After departing his newspaper role, Tefft wrote the historical work the Native American. He followed it with The Remains of Henry Denison in 1823. The latter was due to appear as 56 pages within The Columbian Lyre: or Specimens of Transatlantic Poetry in 1828. It was to be published in Glasgow, Scotland, but was abandoned. It instead appeared in the literary periodical The Coronal, which was published in Greenock, Scotland.

Tefft was a first corporal with the Chatham Artillery; he resigned after losing out to William Turner for the role of fourth sergeancy.

Sometime between 1835 and 1844, Cornelius Ver Bryck painted an oil-on-canvas portrait of Tefft.
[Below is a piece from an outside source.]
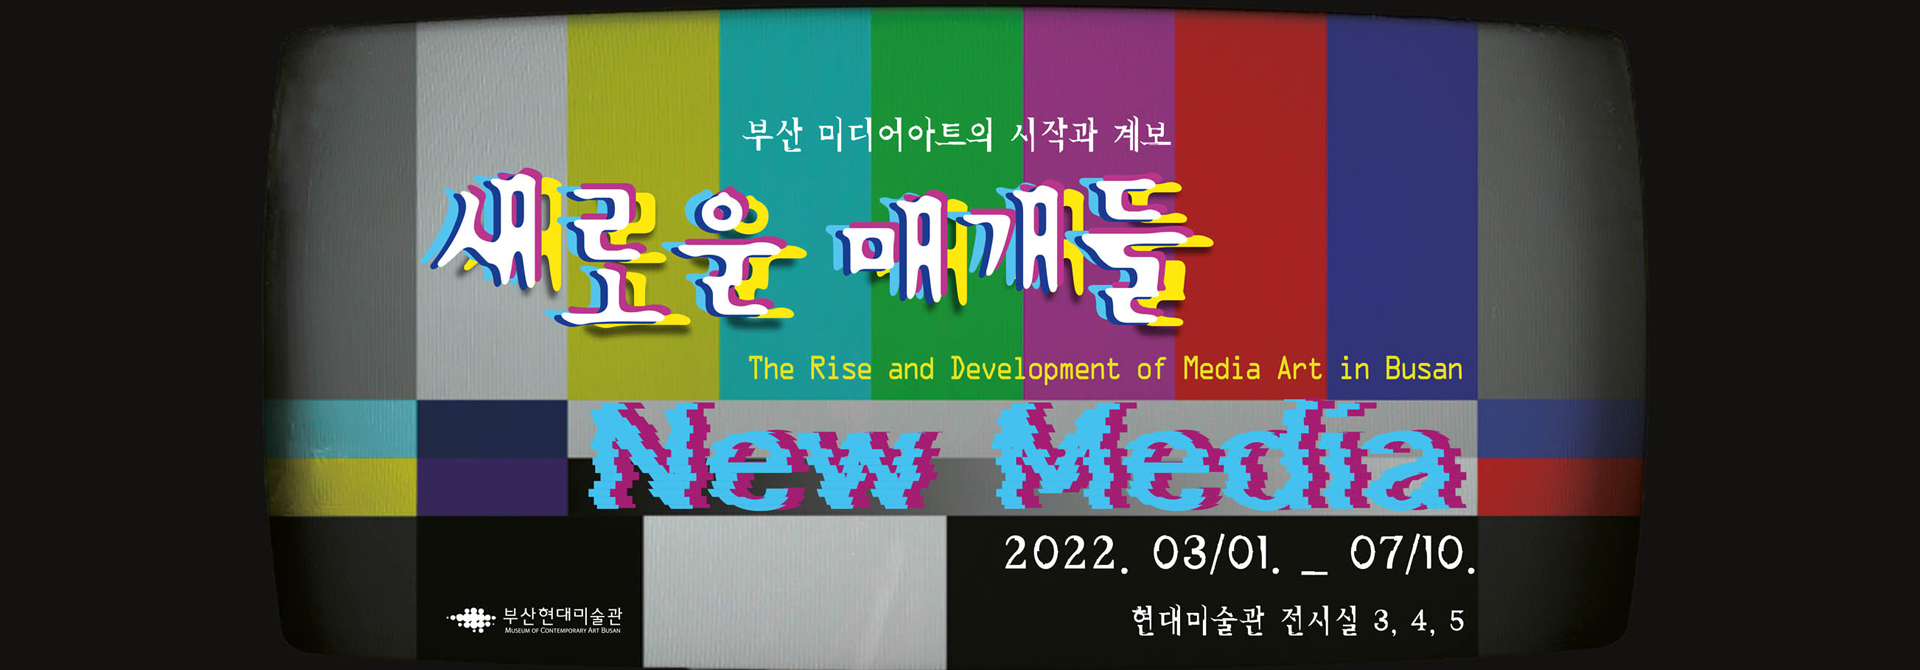 부산 미디어아트의 시작과 계보 새로운 매개들 The Rise and Development of Media Art in Busan New Media 2022. 03/01. _ 07/10. 현대미술관 전시실 3, 4, 5

In 1839, Tefft co-founded the Georgia Historical Society, in which he became a close friend of Alexander Smets. Tefft possessed a large library of autographs and manuscripts, which he had begun around the age of 21. His collection of autographs was believed to have been one of the world's rarest. In 1867, William Gilmore Simms arranged a sale in New York City of Tefft's autograph collection for the benefit of his widow.

==Death==
Tefft died in 1862, aged 68, having been ill for around three months. He was interred in Savannah's Laurel Grove Cemetery. His widow, who survived him by eleven years, was buried beside him. The couple survived each of their three children.